# DATA
>>>
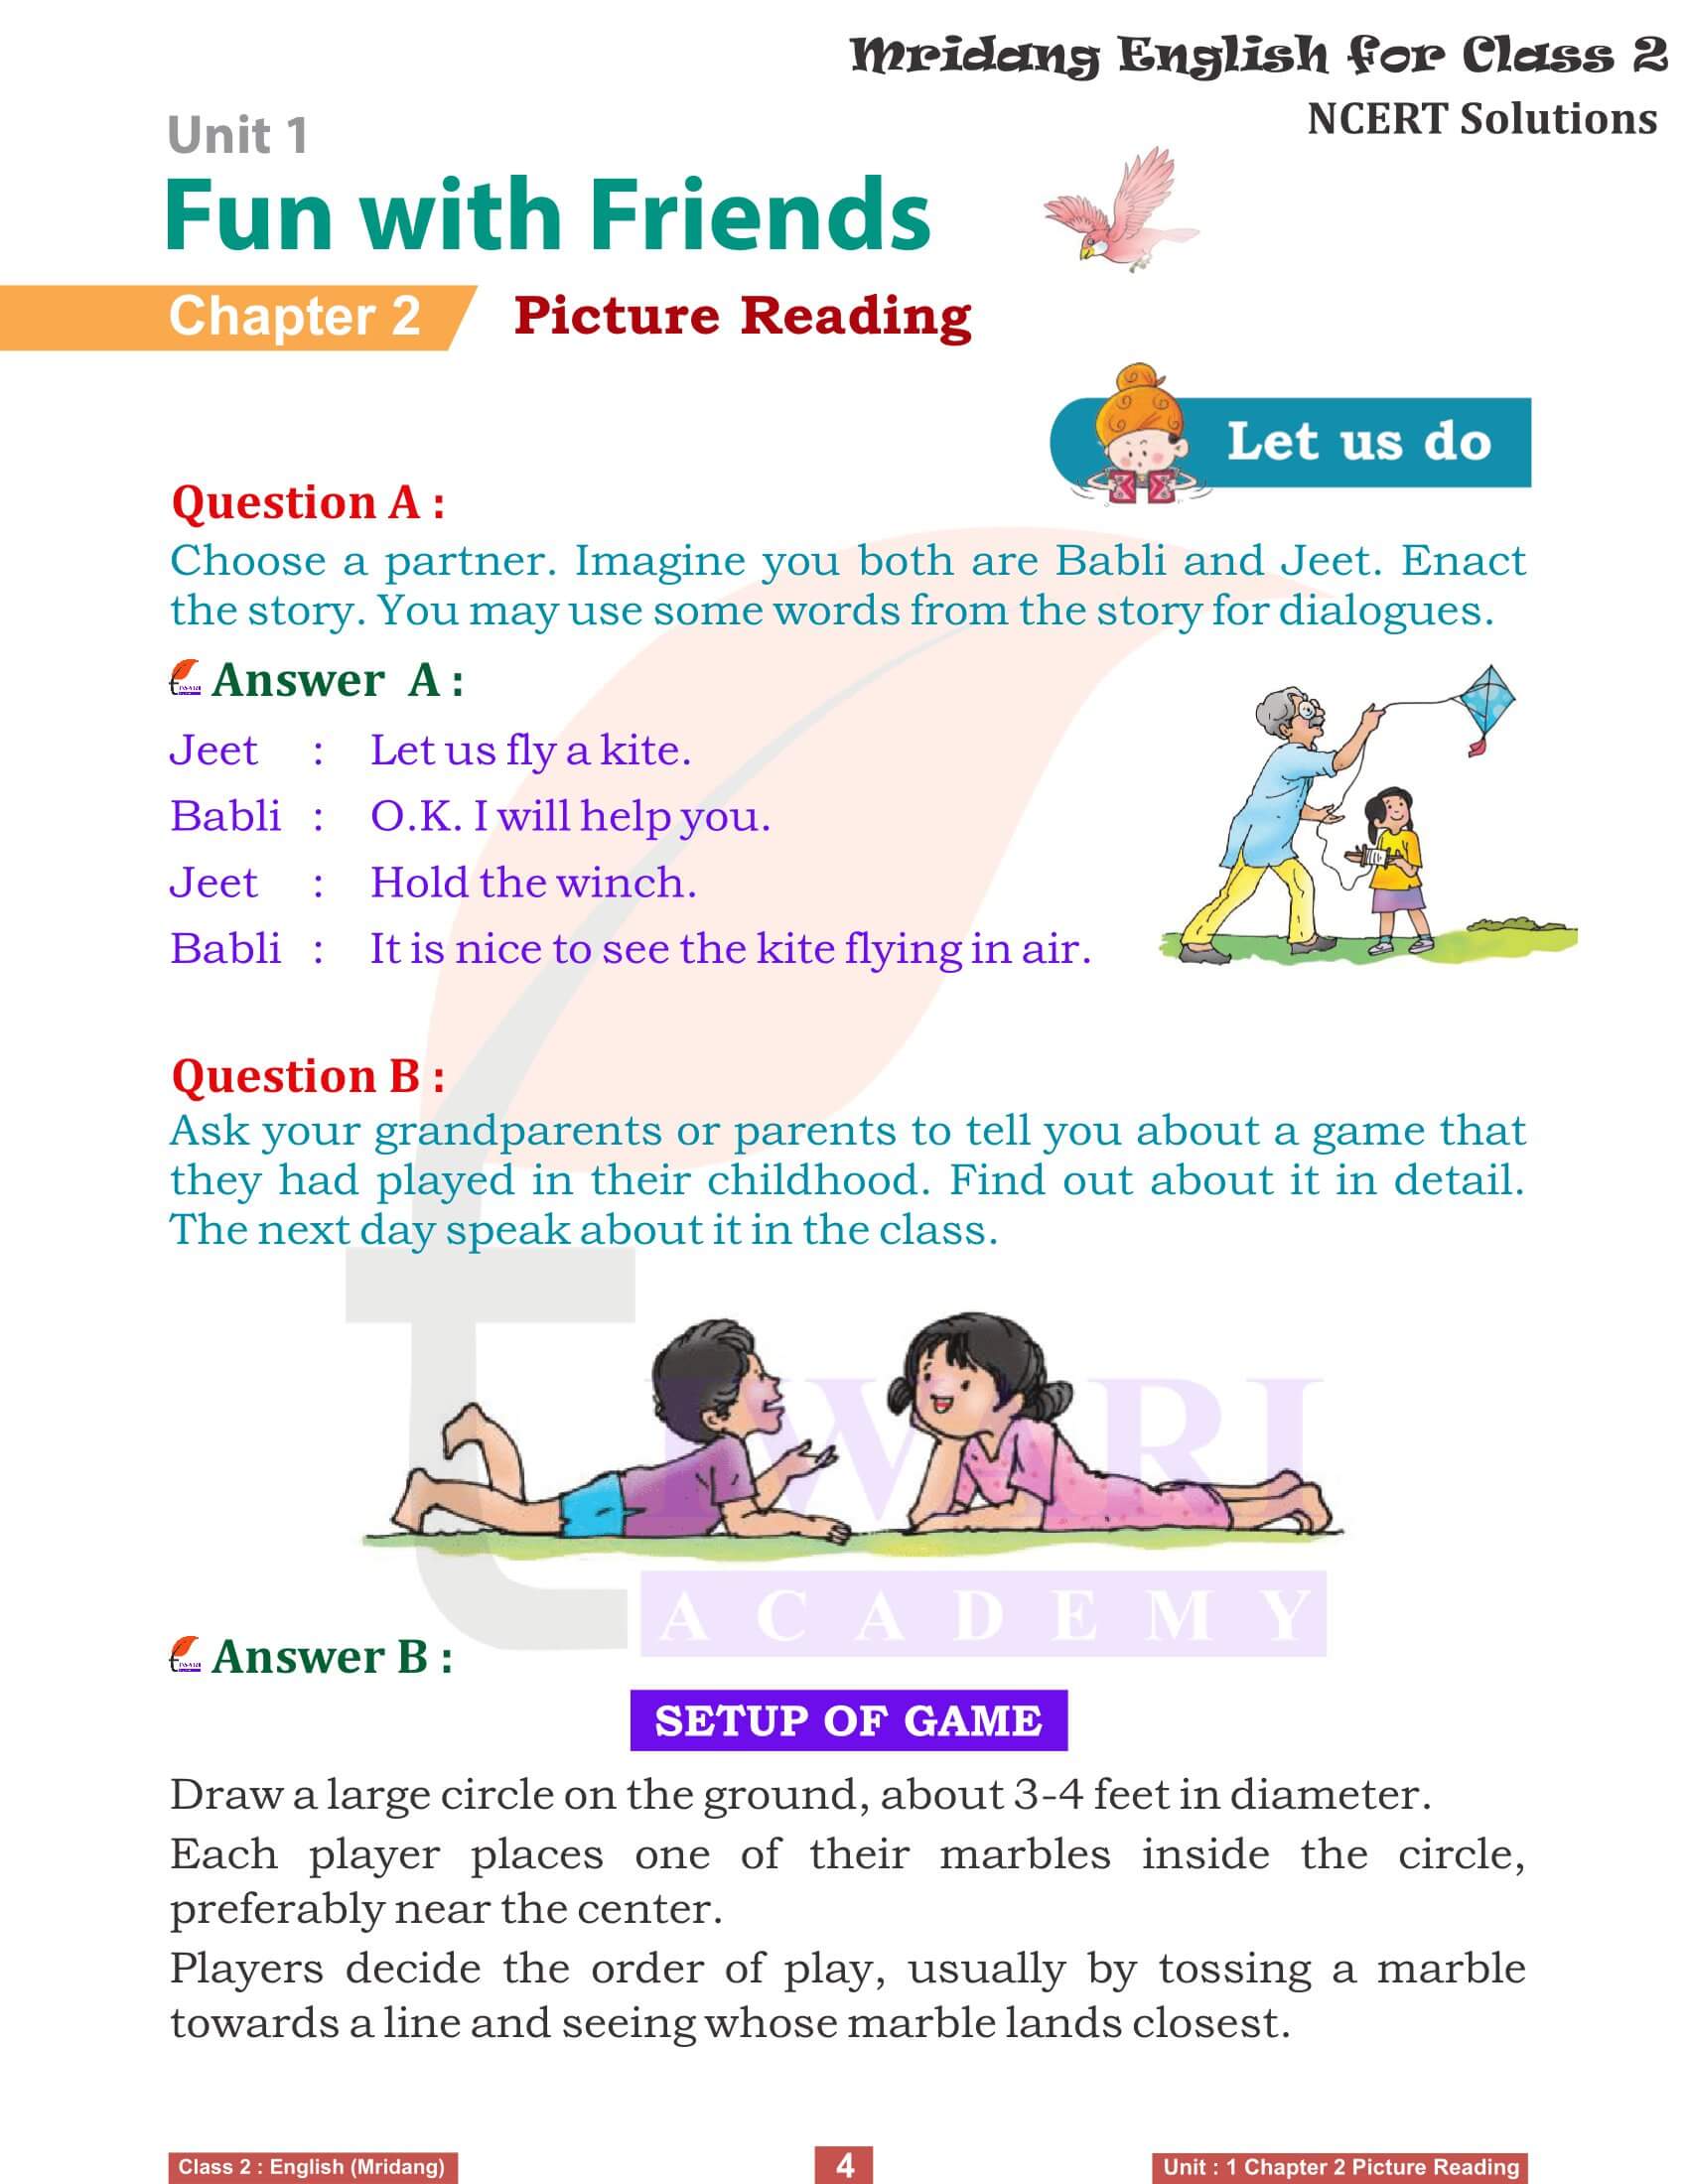 NCERT Solutions for Class 2 English Mridang Chapter 2 Picture Reading
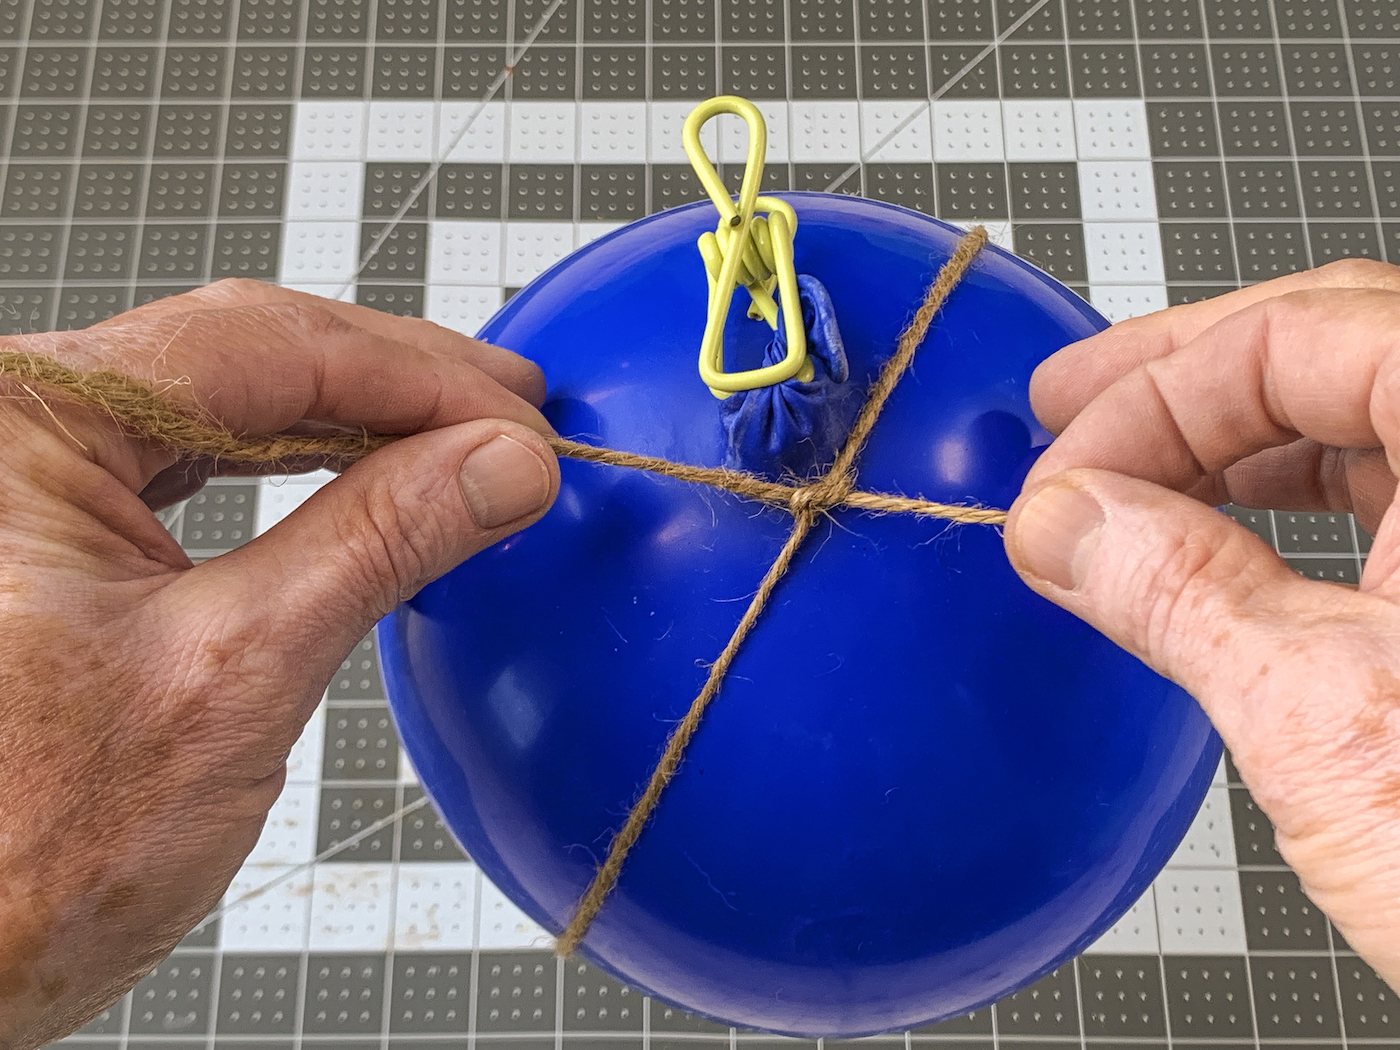 Tying a loop of twine around the balloon
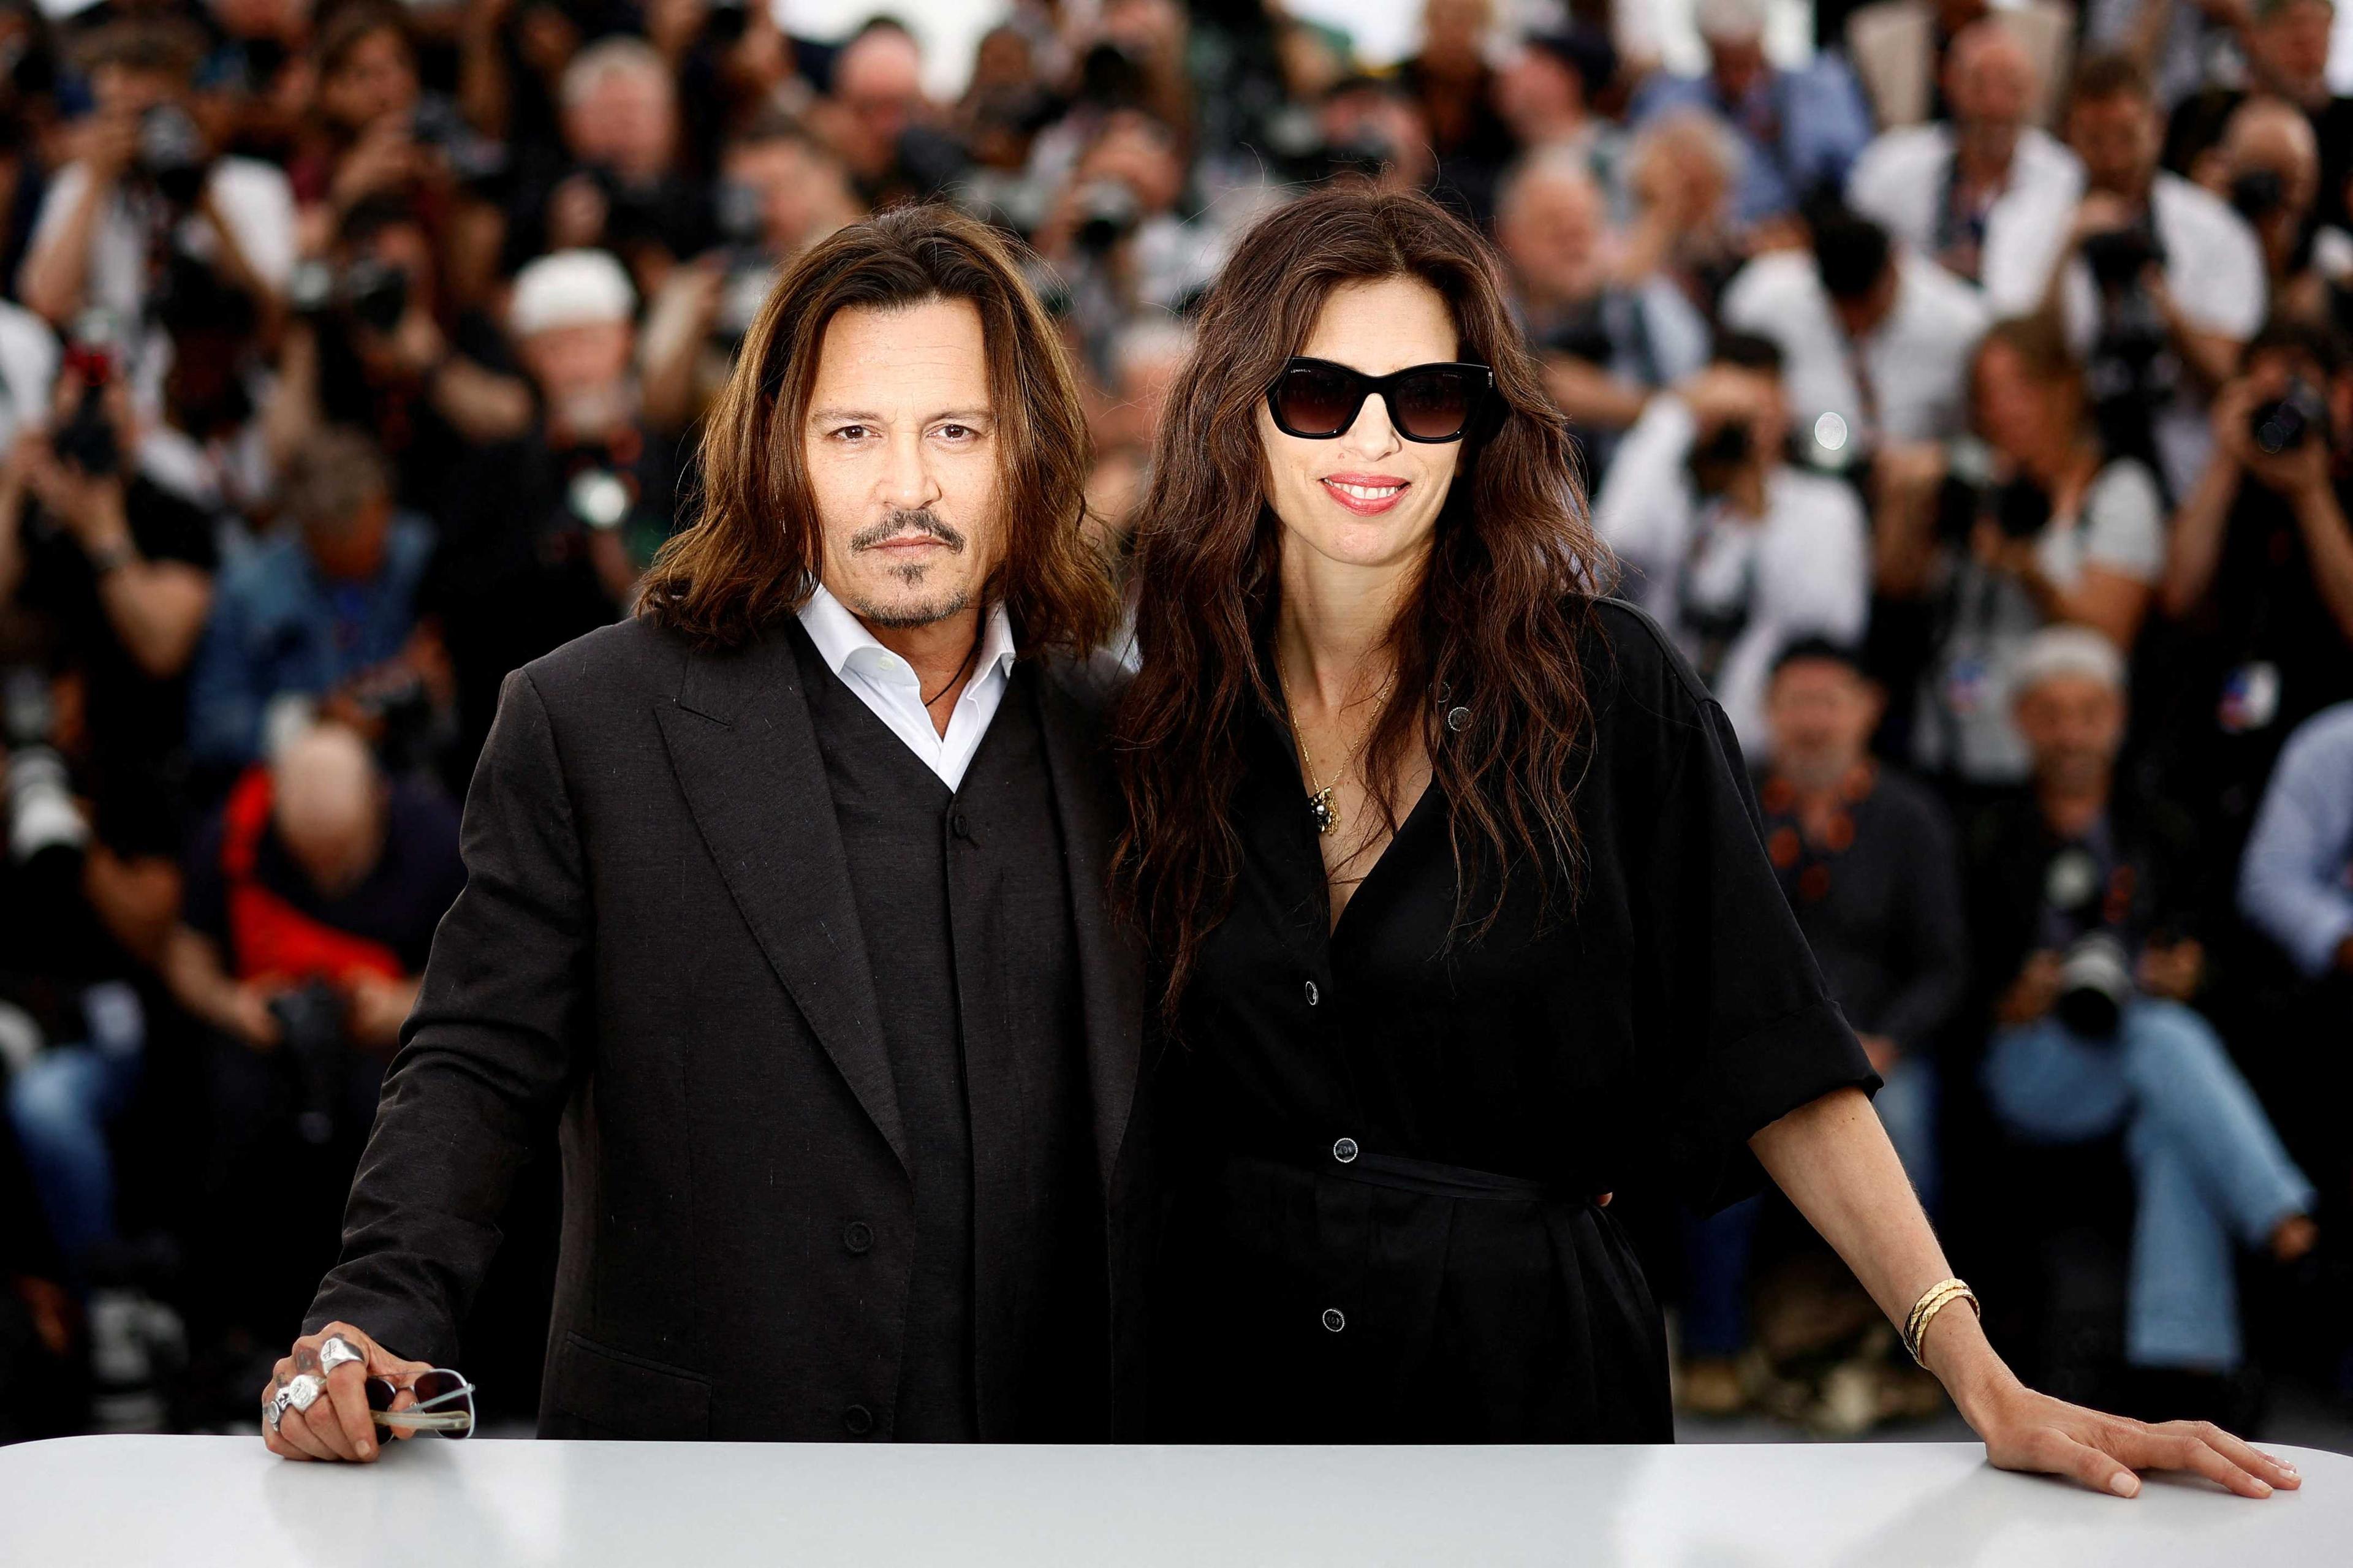 Director Maiwenn and cast member Johnny Depp pose at the 76th Cannes Film Festival in Cannes, France, May 17. Photo: Reuters
<<<
# TASK STATEMENT
Set the material down exactly, images excluded.

# WORKED SOLUTION
 NCERT Solutions for Class 2 English Mridang Chapter 2 Picture Reading
 Tying a loop of twine around the balloon
 Director Maiwenn and cast member Johnny Depp pose at the 76th Cannes Film Festival in Cannes, France, May 17. Photo: Reuters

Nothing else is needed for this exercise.